University of Pennsylvania’s history professor Alex Chase-Levenson explores pandemics and quarantines in his upcoming book, and shares some lessons we can take from the past to help manage the present.

As concerns about the new coronavirus sweep across the world, so does the prospect that vast swaths of populations will wind up under some type of quarantine. With China currently restricting movement of tens of millions of people and Italy’s countrywide lockdown over the pandemic, many citizens across the globe are wondering what the pandemic will mean for their day-to-day lives.

Alex Chase-Levenson, University of Pennsylvania’s assistant professor of history, looks at a historic and massive quarantine system in his new book, “The Yellow Flag: Quarantine and the British Mediterranean World, 1780–1860,” set to publish later this spring. The system ensnared every single person, ship, letter, or trade good moving from the Ottoman Empire and other parts of North Africa to Western Europe into the 19th century. It affected everyone from sailors to celebrities like Jean-Jacques Rousseau and Lord Byron. Chase-Levenson talked to Kristen de Groot of University of Pennsylvania’s Penn Today about some key takeaways from his research and lessons we can learn from pandemics and quarantines of the past.
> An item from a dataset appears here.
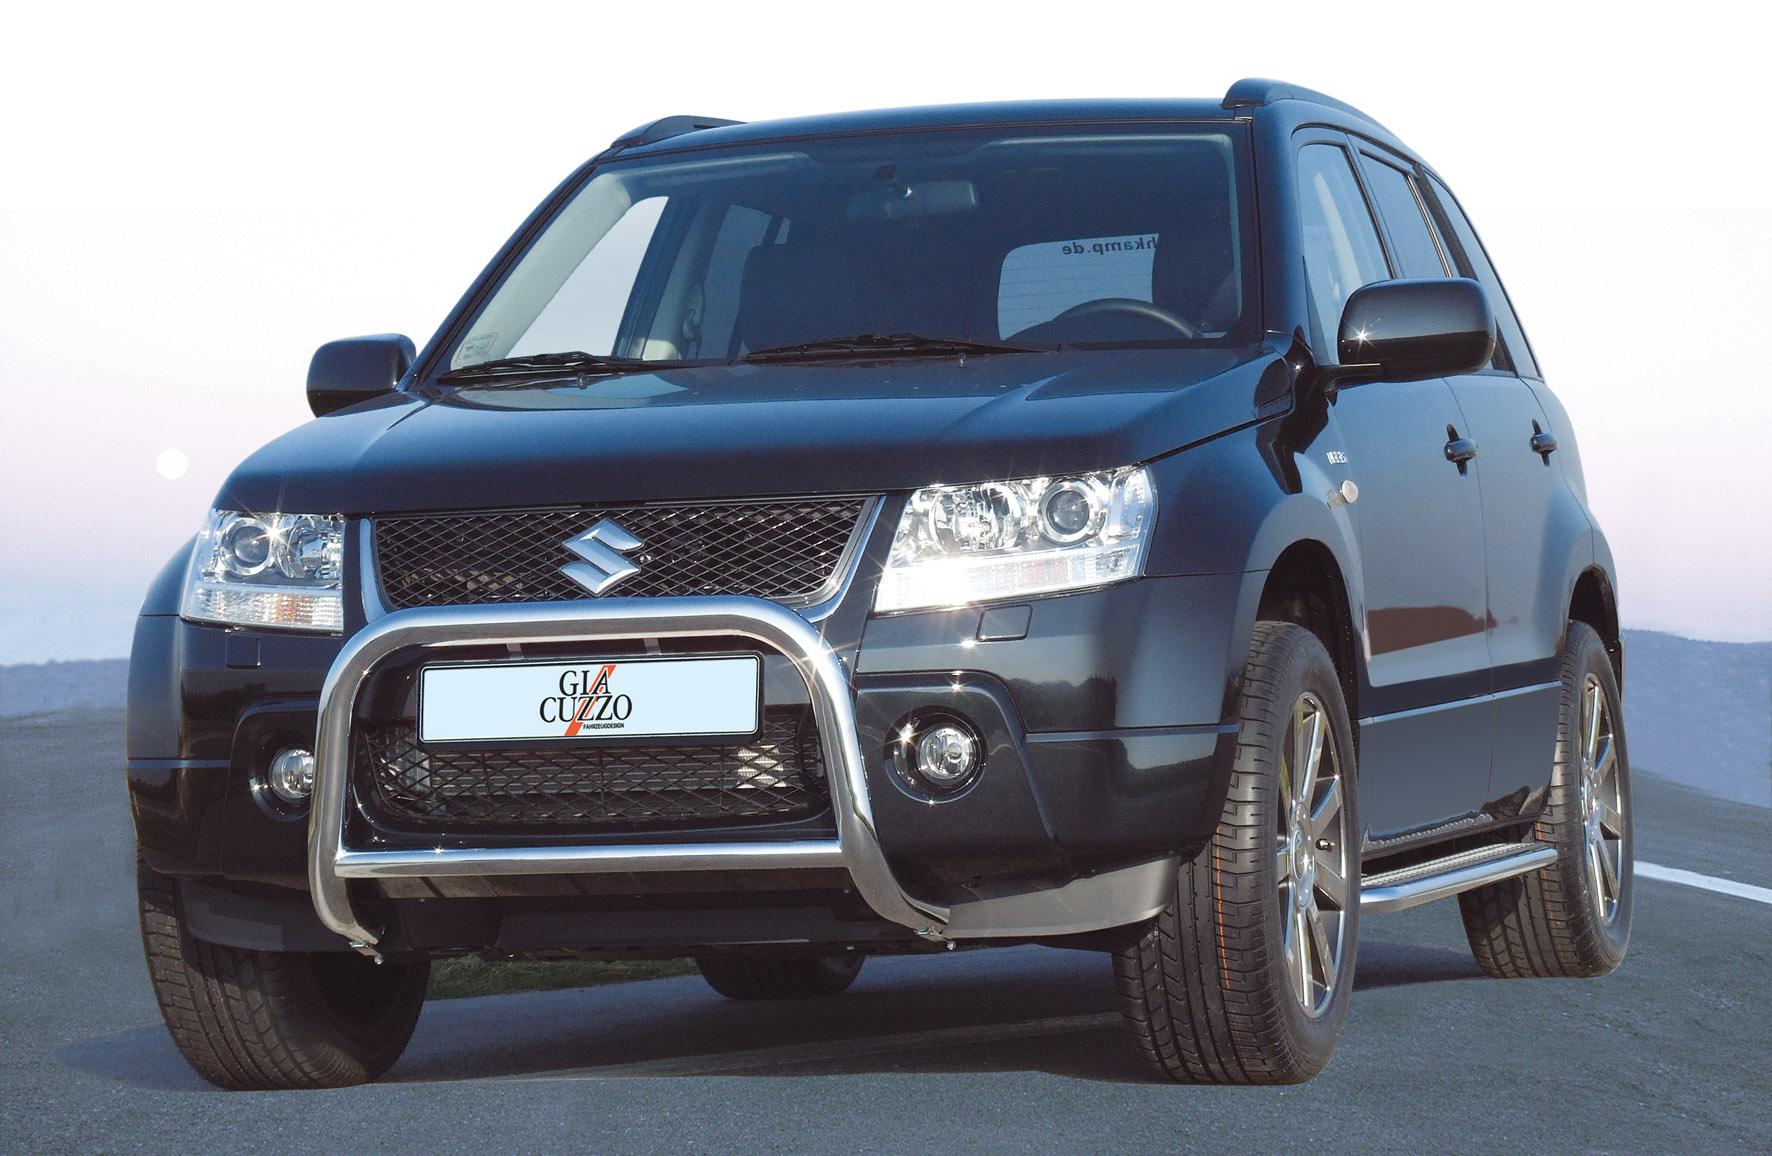 Giacuzzo Fahrzeugdesign - Tuning für Suzuki Grand Vitara
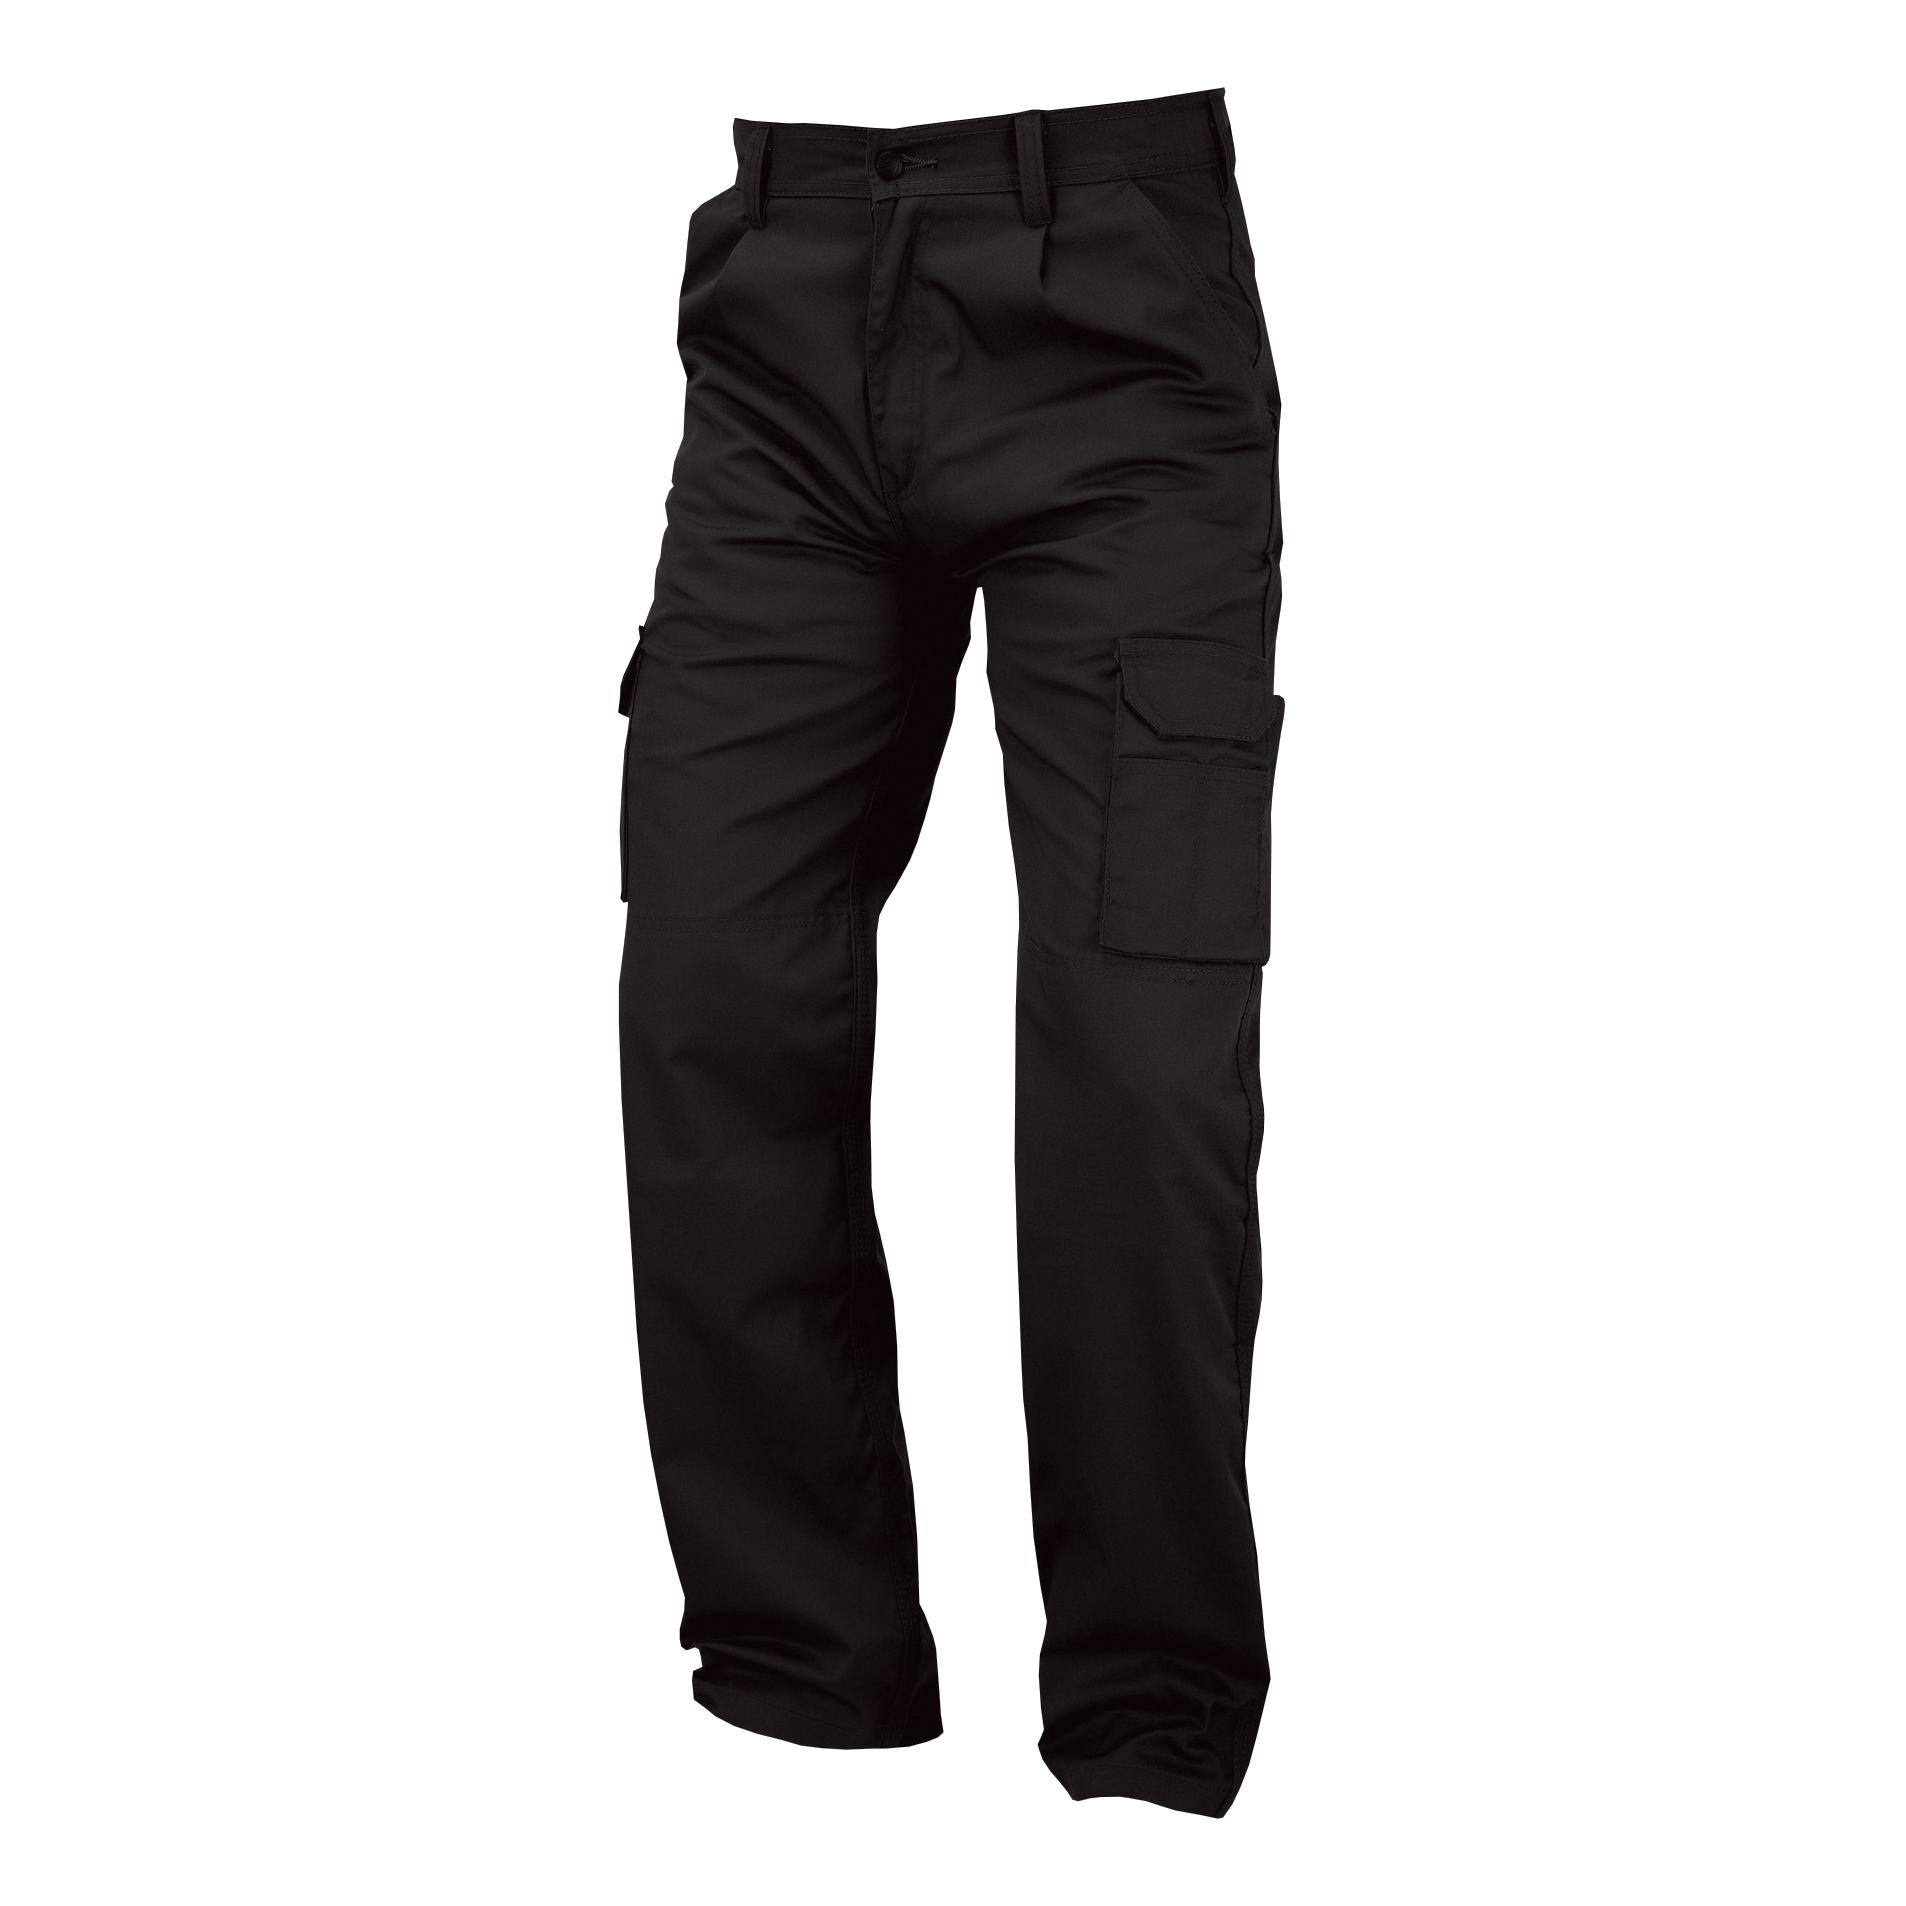 Poly-Cotton Workwear - Super Click Pc Trs Black 44

How did you get interested in this topic? 

I’ve been interested in quarantine for a long time. At the end of college, as I was working on a paper about European travelers in Egypt in the 19th century, I came across a guidebook from the 1840s, the first British guide for travelers to Egypt. Almost the whole introduction was about dealing with quarantine on the return trip. A central rationale for this system was the occasional presence of bubonic plague epidemics in Middle Eastern cities, but even when there were no reports of any disease, every person traveling from the Middle East to Western Europe needed to be quarantined, usually for at least three weeks. I found this amazing, and I still do. The quarantine system ensnared millions of people over its existence, roughly from the mid-eighteenth century to the 1850s. These people had to have their clothes fumigated, had to hand over every piece of mail to be dipped in vinegar and smoked. Sometimes, you can still smell that on early nineteenth-century letters.

It was just really interesting that in this early period, a international medical system existed on this scale. This continental border was so real and tangible and intense at a time when we are not expecting to find such a transnational system.

And this system was built from the ground up by low-level bureaucrats in Mediterranean port cities. Through the regular exchange of letters among local boards of health, mutually assured disinfection emerged. That is, boards of health made it known to other boards: If your procedures aren’t up to snuff, ships from your port will be quarantined elsewhere in Europe. As I’ve researched my book, it’s been so fascinating to see how this shared, continental transnational border took shape.

For the average person, what are some key takeaways from your book?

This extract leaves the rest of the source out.